Task description:
Beginning with the line that holds "Ashley Furniture Signature" and ending with the last line below, repeat each line exactly, leaving any pictures out.

Input data:
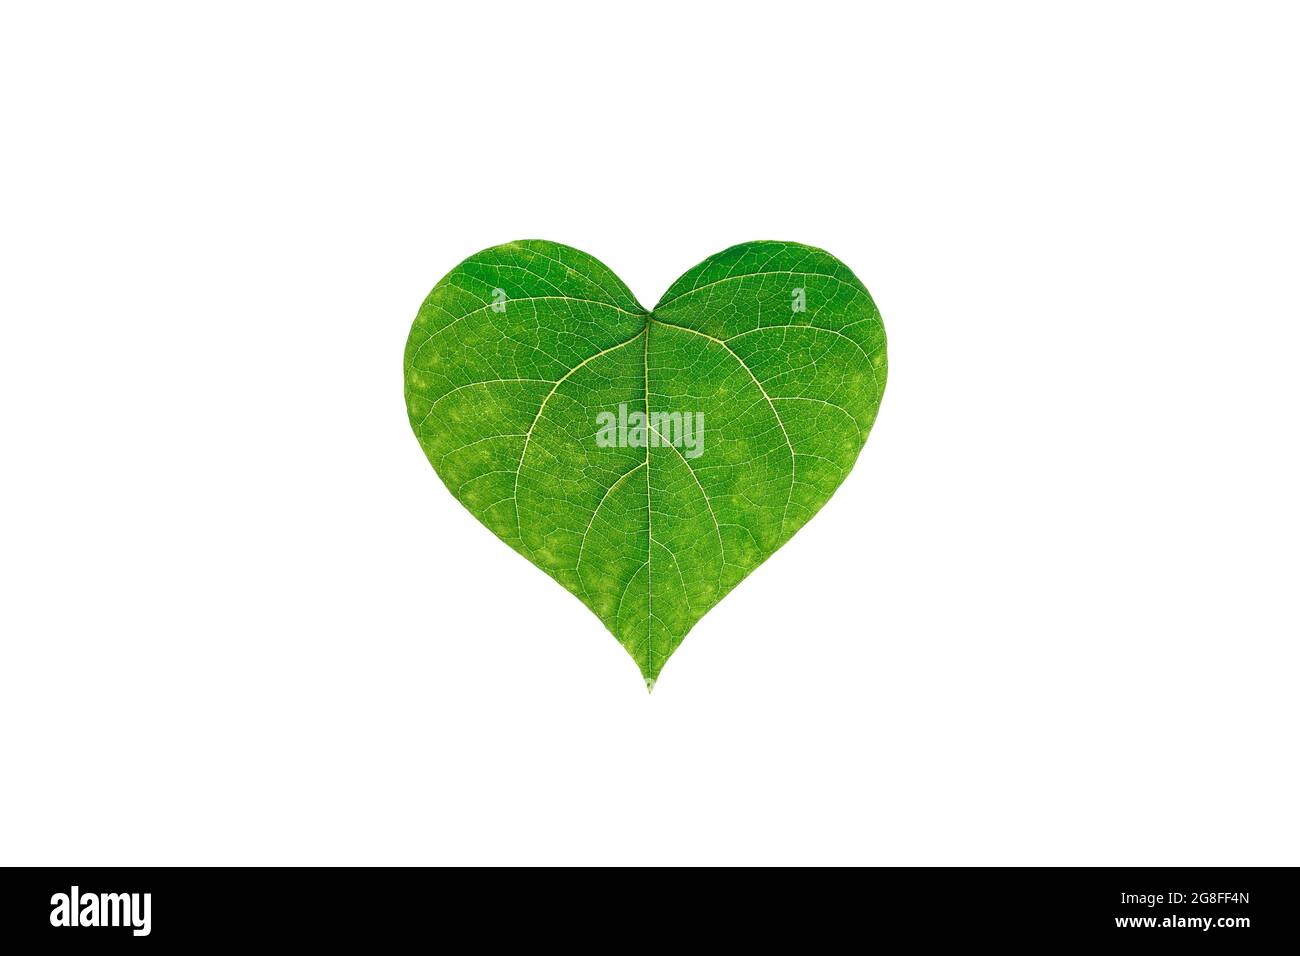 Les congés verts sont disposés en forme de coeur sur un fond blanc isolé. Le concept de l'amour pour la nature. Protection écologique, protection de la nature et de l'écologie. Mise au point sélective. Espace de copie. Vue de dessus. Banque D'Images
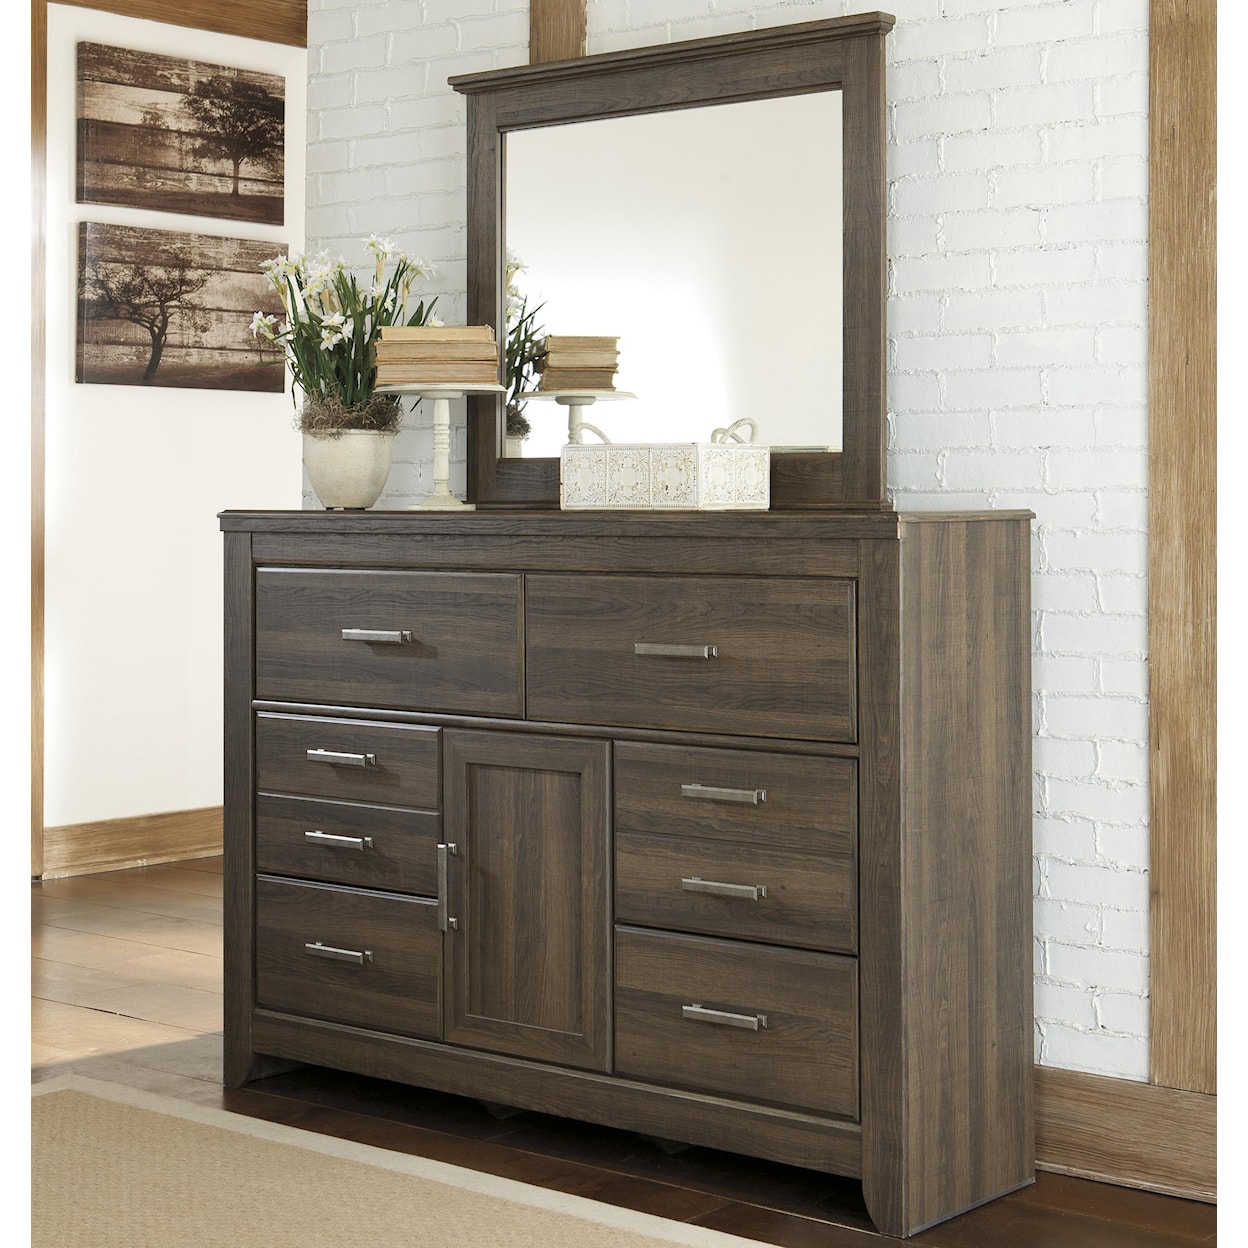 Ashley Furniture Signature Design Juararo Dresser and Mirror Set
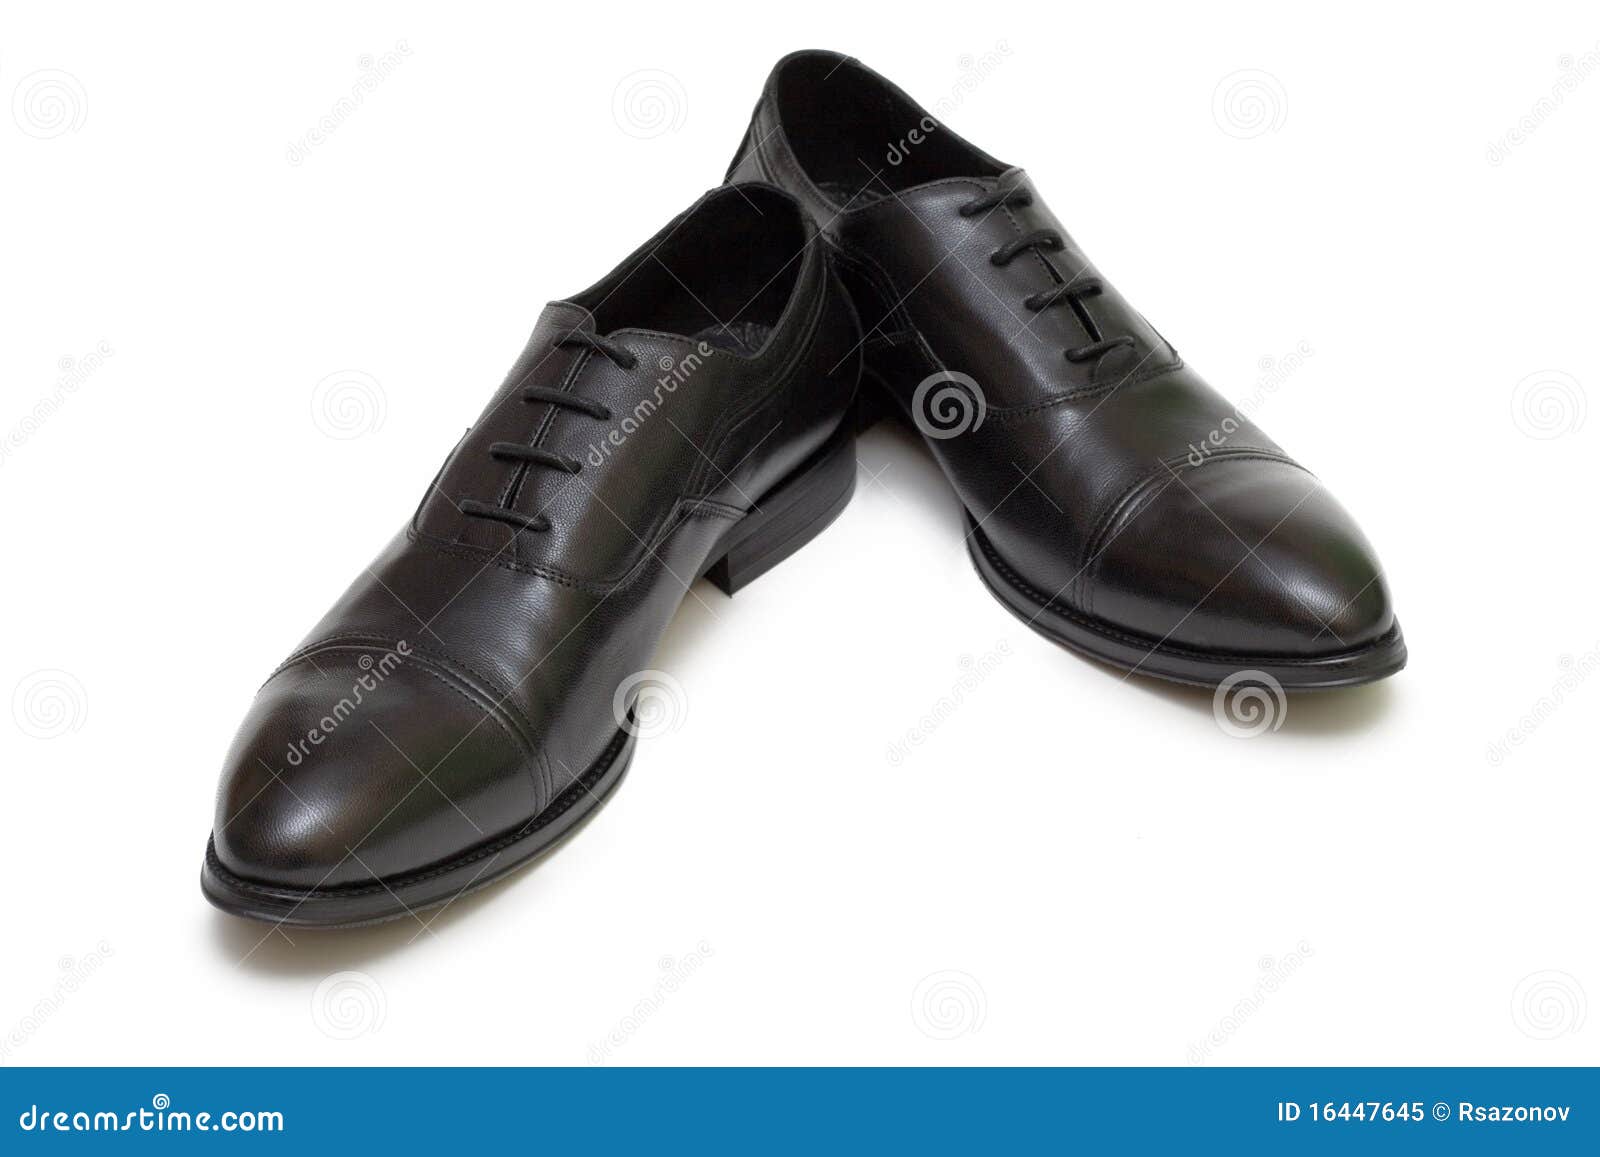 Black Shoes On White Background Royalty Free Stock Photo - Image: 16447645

Solution:
 Ashley Furniture Signature Design Juararo Dresser and Mirror Set
 Black Shoes On White Background Royalty Free Stock Photo - Image: 16447645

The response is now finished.